JPH10141458A - Continuously variable transmission controller - Google Patents

Abstract

PROBLEM TO BE SOLVED: To provide a continuously variable transmission controller which ensures the minimum running function by a simple and low-cost configuration. SOLUTION: An oil passage 56 branched from a control output port oil passage 53 of a solenoid valve 12 is led to a fail-safe valve 13 to control pressure in an oil passage 69 in accordance with pressure of an oil passage 58 branched from an oil passage 57. Moreover, pressure of the oil passage 57 is introduced into a primary pressure control valve 19 to control pressure of an oil passage 68 by pressure of an oil passage 80 and the oil passage 57. When output pressure of the solenoid valve 12 drops below a specified value and a failure occurs, the fail-safe valve 13 is changed over to the right position so that pressure of an oil passage 55 and an oil passage 51 which detour the solenoid valves 12 and 11 is communicated with the oil passage 57 and the oil passage 80. As a result, it is possible to transmit large torque because primary pressure and secondary pressure are controlled in such a manner that they become the maximum values. Consequently, it is possible to ensure tensile force of a belt which hardly obstructs actual running at the time of fail and ensure the minimum running function.

Description

DETAILED DESCRIPTION OF THE INVENTION

[0001]

BACKGROUND OF THE INVENTION 1. Field of the Invention The present invention relates to a control device for controlling a speed change of a belt-type continuously variable transmission.

[0002]

2. Description of the Related Art Hitherto, as a hydraulic control circuit of a continuously variable transmission, a configuration in which a solenoid valve generates a primary pressure and a secondary pressure has been known. In such a hydraulic control circuit of a continuously variable transmission, effects such as improvement of fuel consumption, improvement of shift feeling, improvement of acceleration performance, and the like can be obtained by electronically controlling the gear ratio and belt tension of the continuously variable transmission. .
However, the gear ratio and the belt tension cannot be controlled due to the malfunction of the electronic control, and there is a possibility that the running function is lost.
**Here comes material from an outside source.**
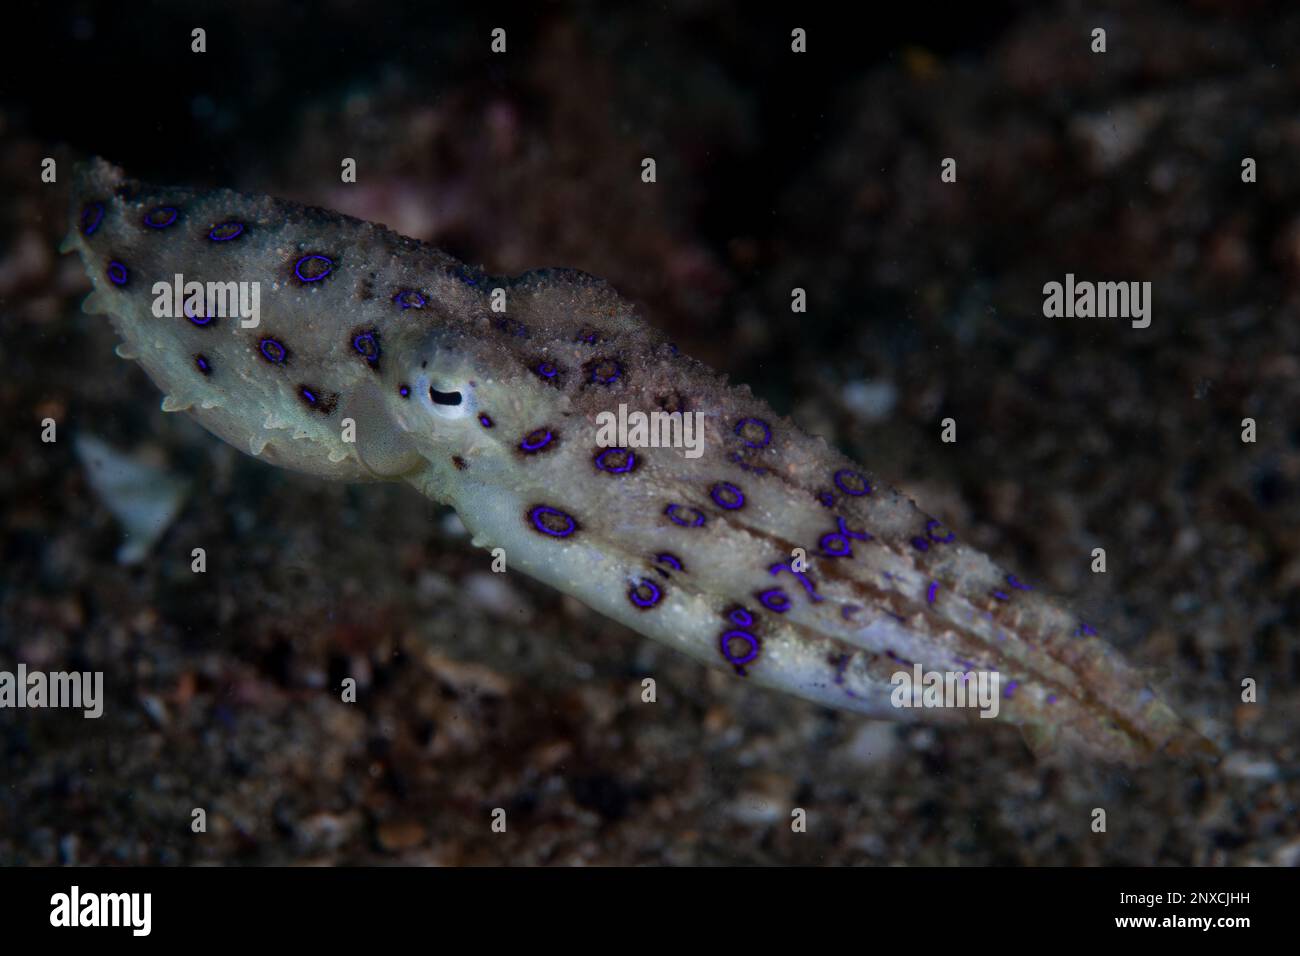 Ein blauer Ring-Oktopus kriecht auf dem Meeresboden eines Riffs in Lembrits, Indonesien. Dieser kleine, schöne Kopffüßer hat eines der wirksamsten Gifte, die bekannt sind. Stockfoto

Therefore, in the continuously variable transmission control device disclosed in Japanese Patent Application Laid-Open No. 7-4485, a solenoid valve is newly added, and the shift valve is operated by operating the solenoid valve to thereby change the primary pressure and the secondary pressure. The pressure is set to the same pressure so that a minimum running function is ensured during a failure.

[0004]

However, such a conventional continuously variable transmission control device has a problem in that the cost is increased because an expensive solenoid valve and a drive circuit are required. In addition, the solenoid valve has a problem that it is liable to be broken down as compared with the mechanical valve, and thus lacks reliability. The present invention has been made to solve such a problem,
It is an object of the present invention to provide a continuously variable transmission control device that secures a minimum traveling function with a simple and low-cost configuration.

[0005]

According to the continuously variable transmission control device of the present invention, the first pressure generating means for generating the first pressure adjusted according to the torque input from the drive shaft. And a bypass valve that supplies pressure to the first and second pistons, bypassing a second pressure generating means that generates a second pressure that is adjusted in accordance with the target value of the gear ratio, so that the second pressure is reduced to a predetermined value. Since the pressure is supplied to the first and second pistons when it becomes lower, a minimum traveling function can be ensured by the bypass valve when the electronic control fails. Further, a simple and low-cost configuration can be realized by the mechanical bypass valve.

According to the continuously variable transmission control device of the second aspect of the present invention, the bypass valve is set so that the transmission belt clamping force of the first pulley and the transmission belt clamping force of the second pulley are equal. Therefore, when the electronic control fails, the gear ratio between the drive shaft and the driven shaft becomes 1. Therefore, at the time of a failure, a minimum traveling function can be ensured.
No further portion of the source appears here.